Review of “The Priority of Preaching”
The Priority of Preaching
©2009 by Christopher Ash
Published by Christian Focus Publications
125 pages
I picked up this small book because I had so thoroughly enjoyed another of the author’s works Listen Up! A practical guide to listening to sermons. I am so glad I did. This is one of the best books on preaching that I have read in a long time. Christopher Ash works for The Proclamation Trust as Director of the Cornhill Training Course, a one or two year course designed to train preachers and Bible teachers in Great Britain. This book is unique, it is a book about local New Testament church preaching but based upon the Old Testament book of Deuteronomy. “I have chosen Deuteronomy because it seems to me that Deuteronomy gives us God’s mandate for preaching. It’s a curious book, in some ways, because nothing really happens in it” (p. 21). “Deuteronomy is the mandate for the people of God to assemble under the preached word of God, or to be more accurate, the written word preached. This is why Deuteronomy is not really a law book, but a preaching book” (p. 23).
The three chapters of this book were originally presented by the author at a pastor’s convention in 2008. He produced them in book form “for ordinary ministers who preach regularly to ordinary people in ordinary places, who may dream of being world-renowned but are going to be spared that fate” (p. 12).

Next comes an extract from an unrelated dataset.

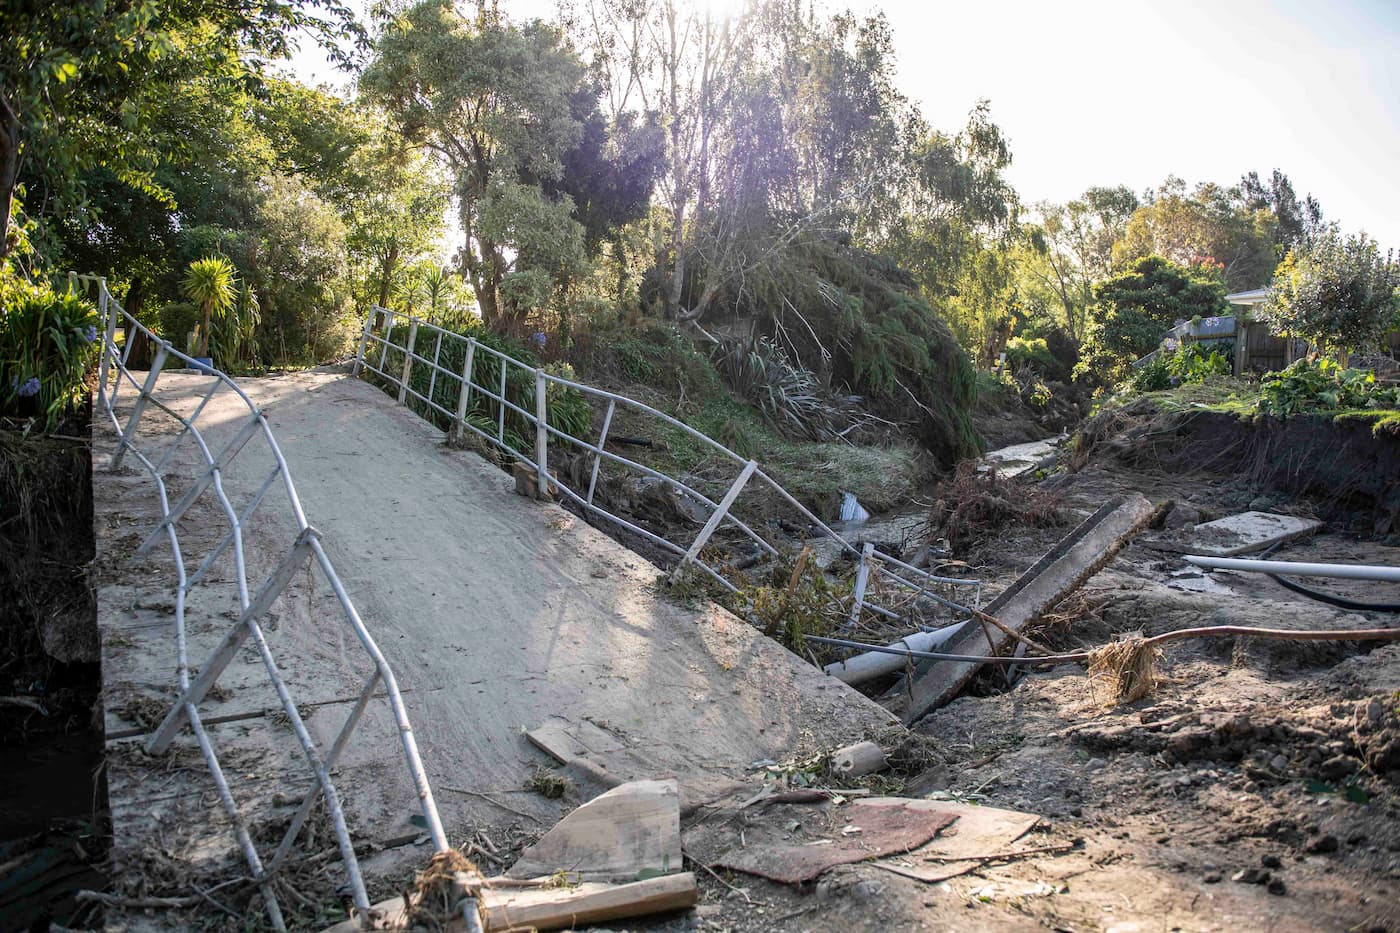 A street in Havelock North in clean up mode after suffering from a burst river bank flowing behind several houses. Members of the community and HMNZS Te Mana aided with the clean up.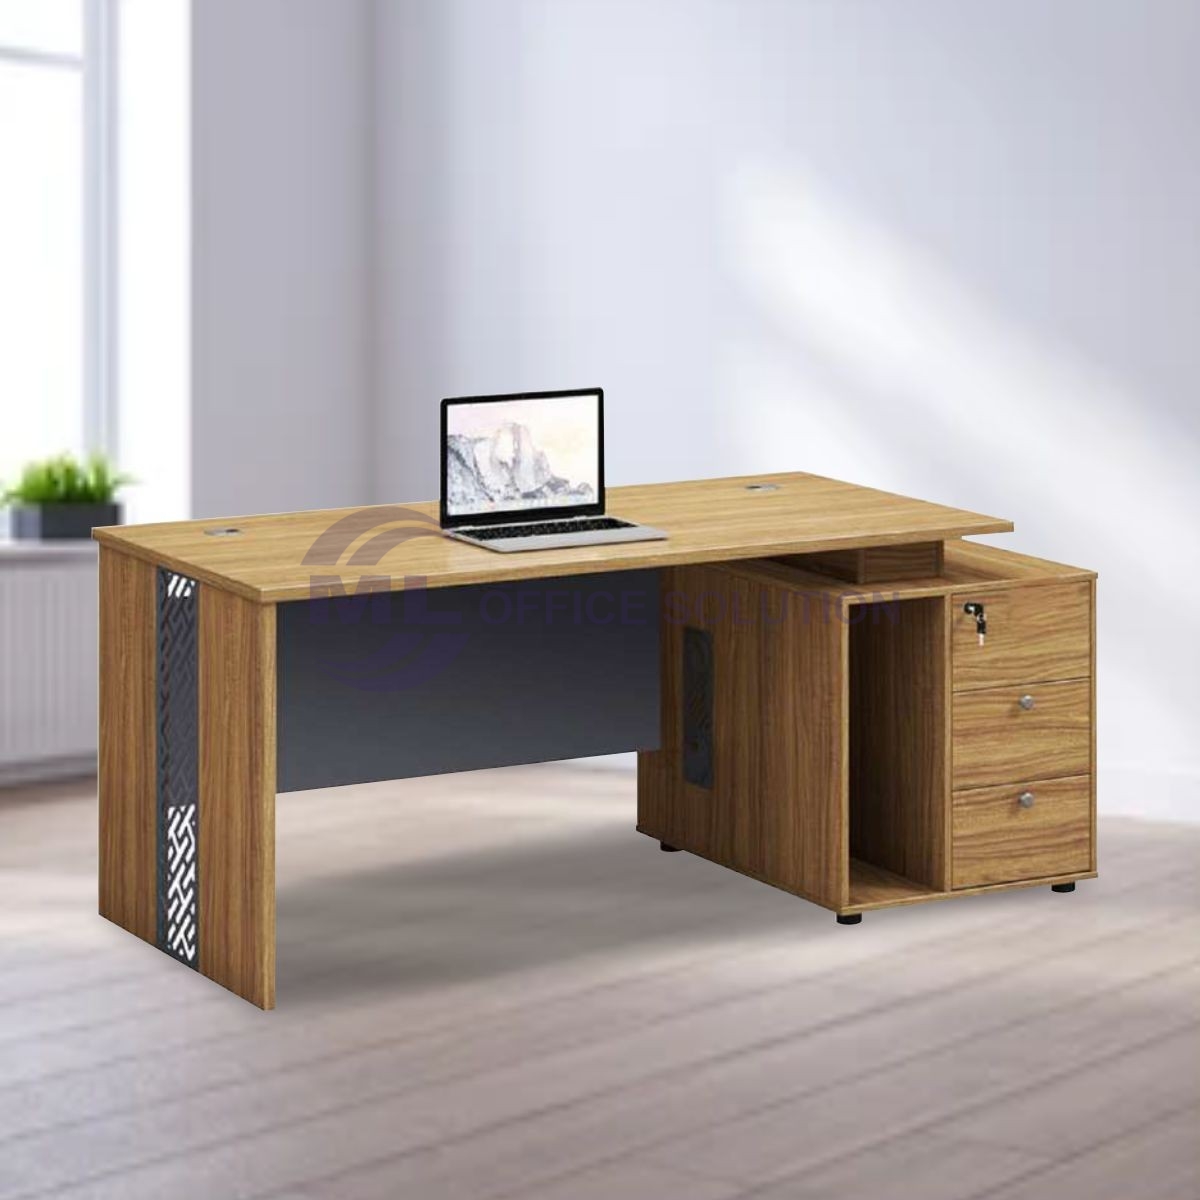 Modern Executive Table With Storage

The focus of chapter one is authority. Using Deuteronomy 18 as a basis, Ash concludes that the preacher’s authority is a “borrowed authority” in which God speaks to us by the voice of a man. He unfolds his argument by showing that Moses was the first of many prophets whose revelatory role would ultimately be fulfilled in Christ. Since Christ is ascended, preachers continue the proclamatory work of the prophets. Along the way, Ash has some very insightful comments to make about the shortcomings of Bible Study Groups and how to overcome these failings.
The emphasis of chapter two is urgency, passion and engagement. Examining Deuteronomy 30, he asserts that preaching transforms the church. God’s people are transformed by the preached word of God (p. 46). True preaching isn’t a monologue. The preacher is to be answering the “silent questions” of his listeners as he engages the text. The preacher should be so thoroughly consumed with his text that he “ought to be able to continue his sermon without his notes if necessary” (p. 68).
In chapter three he turns his attention to the local church assembly. Applying Deuteronomy 4, he explains how preaching and assembling are related. He lays out why Christian ought not to forsake assembling together, starting at Sinai and ending at Zion.
The local church is a foreshadowing of when all believers are united around the throne.
Only the preached word of grace in Jesus Christ (p. 98) can truly mend a world broken by racial, cultural and economic divisions.
Don’t allow the size of this book convince you that it doesn’t have much to offer. This reviewer has barely scratched the surface. Preachers of the Word need the edification this book provides.